Let’s hope we’re able to give the gift of wonder and awe to many more generations to come.


Earth orbits a second generation star. So the first generation had to form and live to the end of its sequence before the stellar explosion created the heavier elements that our solar system is made out of. Without that life is very hard to imagine. So a lot of this 'delay' is perfectly natural, life may not have had a chance to emerge much sooner in this particular solar system than it did.


Blue hypergiants only last about 10 million years.

What really is necessary to know, I believe there is still debate, is whether main sequence supernovae can generate all the necessary elements. I believe gold and heavier are might not be possible with normal supernovae and may require neutron star mergers to generate.

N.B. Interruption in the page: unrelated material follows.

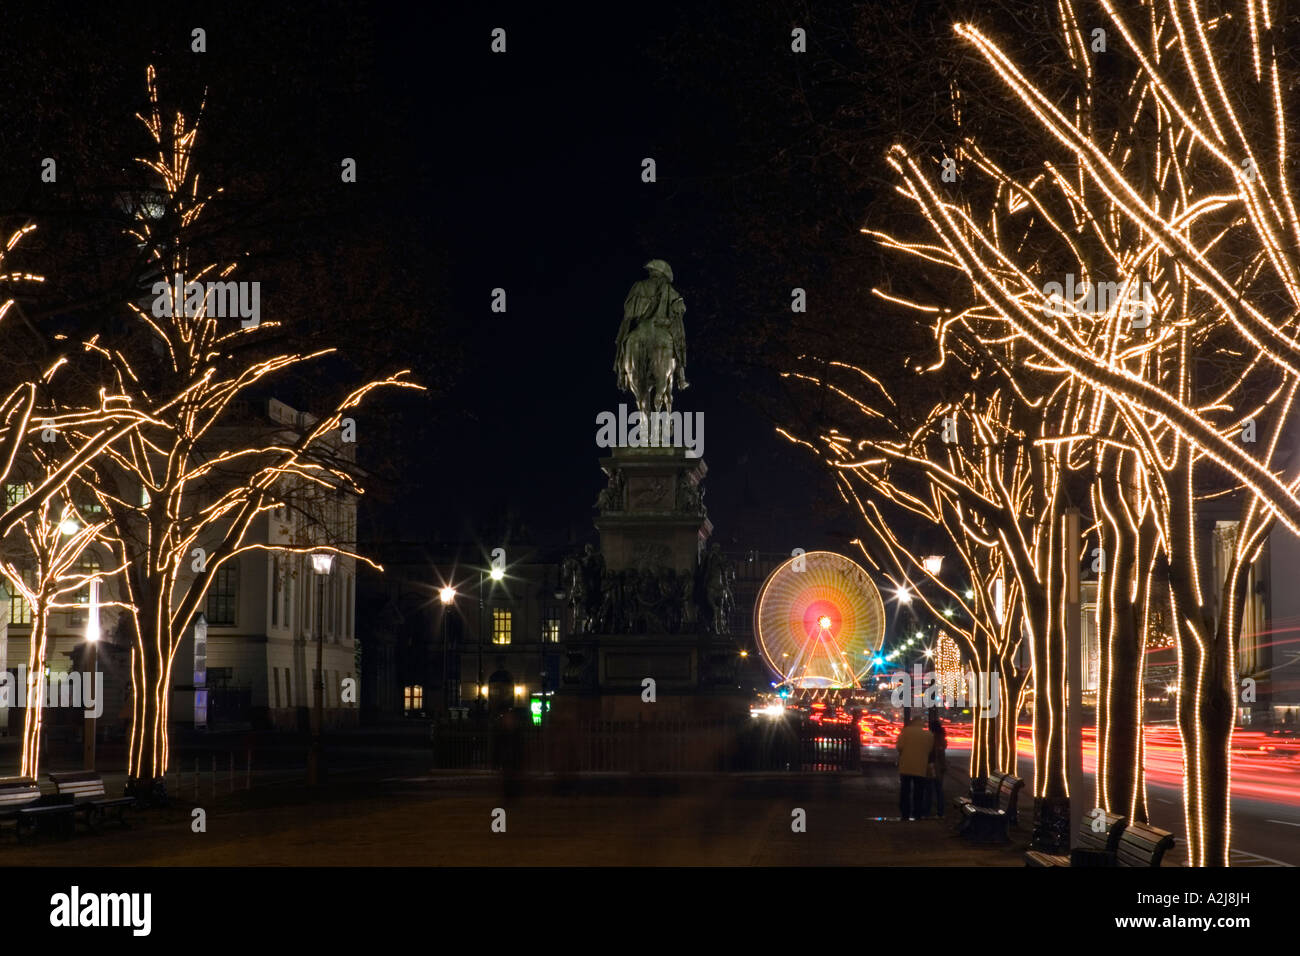 Unter Den Linden Weihnachtsbeleuchtung.Christmas Lights On Trees Lining Unter Den Linden Berlin Germany

I believe earth tectonics, not a small aspect of Earth's long term stability/cycle, need radioactives to maintain a liquid core (not to mention the magnetic shield provided by the core).

Still, an earth like world in a mostly stable/quiet area of a galaxy may be possible only a few billion years after the big bang with some luck with blue hypergiants and a lucky neutron star merger, if that is in fact necessary for heavy elements and radioactives.


How do you get any elements out of a neutron star ?


The collisions have so much energy that matter (neutronium) is ejected. I believe it might happen in neutron star - black hole mergers too due to the crazy gravitational energy involved.

Anyway, you eject clumps of "pure neutronium" then they will undergo rapid evolution to elements as neutrons decay to protons in order as they try to become stable elements. I'm not a nuclear physicist... I'm not a physicist....

Personally, if neutron star mergers are responsible for most heavy elements, then the "island of stability" above the current transuranics probably doesn't exist, because neutronium would almost certainly traverse those islands as it followed all the different decay chains.


That stability is the physics interpretation of the word stability, where stability could be measured in hours, minutes or even seconds rather than on a timescale where those elements would be present in measurable quantities billions of years later.


Huh, I missed that development !

Yeah, I guess that there's some (literally !) "golden middle", where the energies involved are high enough to eject some large fraction of the neutronium, while the masses involved aren't high enough to immediately result in a black hole ?


> very, very late

But rather soon after Earth has cooled down (i.e. about 1 billion years since the planet has formed), which is more relevant.

> seems to be a big fluke

So, no, it doesn't.


> "When Did Life First Emerge in the Universe?"

> "We don't know ..."

Why does SA have to use such a clickbait-y title?


> Why does SA have to use such a clickbait-y title?

Because it's a good question, and the subject of the article.


Somewhat relatedly, the article reads like a plea for funding. It's not just an "interesting story", it's an attempt to justify why the story should be further researched:

> Our actions will be a source of pride for our descendants if they sustain a civilization intelligent enough to endure for trillions of years. Here’s hoping that we will act wisely enough to be remembered favorably in their “big history” books.


Well, in their defense, we have an upper bound...


So people click it. Really. That's the answer. For impressions.


In the hope that young earth creationists might read it and learn something?


What if intelligent, self-aware systems existed in the earlier phases of the universe? Would they have understood the changes taking place in the universe, their eventual demise, and taken steps to allow life of a new form to emerge after the universal condensation?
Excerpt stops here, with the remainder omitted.